JPH03191475A

JPH03191475A - Document summarizing system

Info

Publication number: JPH03191475A
Application number: JP1332091A
Authority: JP
Inventors: Takeshi Nishimura; 健士西村
Original assignee: NEC Corp
Current assignee: NEC Corp
Priority date: 1989-12-20
Filing date: 1989-12-20
Publication date: 1991-08-21

Abstract

PURPOSE:To accelerate the automation of formation of a summarized document by extracting an important sentence in the meaning of dependency upon the sort of each paragraph and allowing a summarized document forming rule to correspond to an important document extracting rule in summarized document forming processing. CONSTITUTION:An unprocessed paragraph in a document is segmented. Then, the sort of the paragraph is decided based upon a heading word. Then, an important sentence is extracted from the paragraph by using an important sentence extracting rule group depending upon the sort of the selected paragraph and an important sentence extracting rule group applicable to any sorts. The extracted sentence is stored together with the paragraph number and the heading. This processing is repeated for all paragraphs in the document, and finally the paragraph numbers, the headings of respective paragraphs and the extracted sentences are displayed in the order of paragraph numbers.

Description

【発明の詳細な説明】〔産業上の利用分野〕本発明は計算機を用いて文書の要約文を生成する文書要
約方式に関する。DETAILED DESCRIPTION OF THE INVENTION [Field of Industrial Application] The present invention relates to a document summarization method that uses a computer to generate a document summary.

[Conventional technology]

従来、文書の内容を要約する技術として、岩淵他著：全
文情報からの意味的情報の抽出と加工（情報処理学会第
３８口金国大会予稿集（１９８９年。Traditionally, as a technique for summarizing the contents of documents, Iwabuchi et al.: Extraction and Processing of Semantic Information from Full-Text Information (Proceedings of the 38th National Conference of the Information Processing Society of Japan (1989)).

２２２頁）に記載されたものが知られている。これは字
種や助詞などの情報から文書中の重要語を切り出し、重
要語の出現頻度で最重要語を決定し、重要語と最重要語
が含まれているか否かで重要文を決定することを基本と
している。また、要約文を生成する際には、抽出された
重要文から「上記」、「ここでは」などの特殊な語句を
削除することに関して自動化を行なっている。222) is known. This extracts important words from a document based on information such as character types and particles, determines the most important words based on the frequency of occurrence of the important words, and determines important sentences based on whether the important words and the most important words are included. It is based on that. Furthermore, when generating a summary sentence, special words such as ``above'' and ``here'' are removed from the extracted important sentences automatically.

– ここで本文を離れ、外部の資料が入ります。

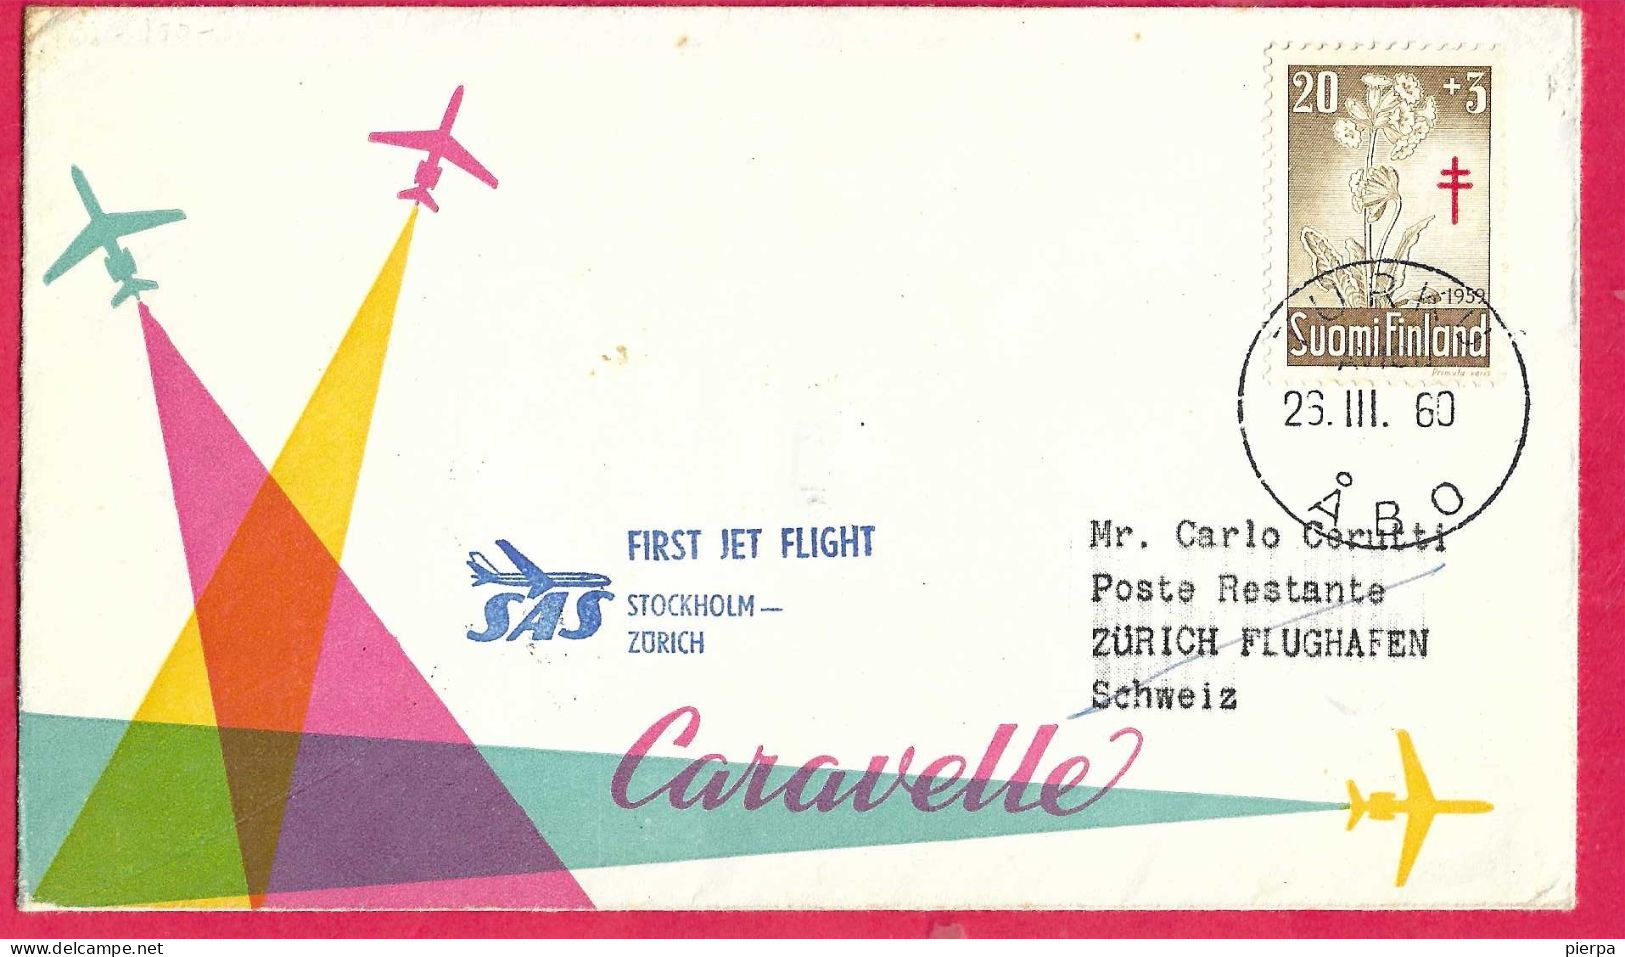 SVERIGE - FIRST FLIGHT SAS WITH CARAVELLE FROM STOCKHOLM TO ZURICH *29.3.60* ON OFFICIAL COVER FROM FINLAND - Covers & Documents

[Problem to be solved by the invention]

上記の技術では一文単位にそれが重要か否かを判定して
いるが、実際の文書では、あるまとまった部分が他のま
とまった部分に対して相対的な重要性を持っている。ま
とまった部分としては、例えば段落が考えられる。重要
語が文中に存在すること以外に全体に対してのその文の
含まれている段落の重要度を考慮する必要がある。In the above technology, it is determined whether each sentence is important or not, but in actual documents, certain parts have relative importance to other parts. For example, a paragraph can be considered as a grouped part. In addition to the presence of important words in a sentence, it is necessary to consider the importance of the paragraph in which the sentence is included relative to the whole.

誌な、ある語句が文書全体の内容を表す的確さと、その
語句の文書全体での出現頻度とは必ずしも一致しない。For example, the accuracy with which a word or phrase expresses the content of an entire document does not necessarily match the frequency with which that word appears in the entire document.

さらに、文中での位置によってその語句には多様な構文
的意味的役割が考えられるので、単に文中に出現するか
どうかをチエツクするだけでなく、さらに詳細な解析を
行なうことが望ましい。Furthermore, since a word can have various syntactic and semantic roles depending on its position in a sentence, it is desirable to perform more detailed analysis than simply checking whether it appears in a sentence.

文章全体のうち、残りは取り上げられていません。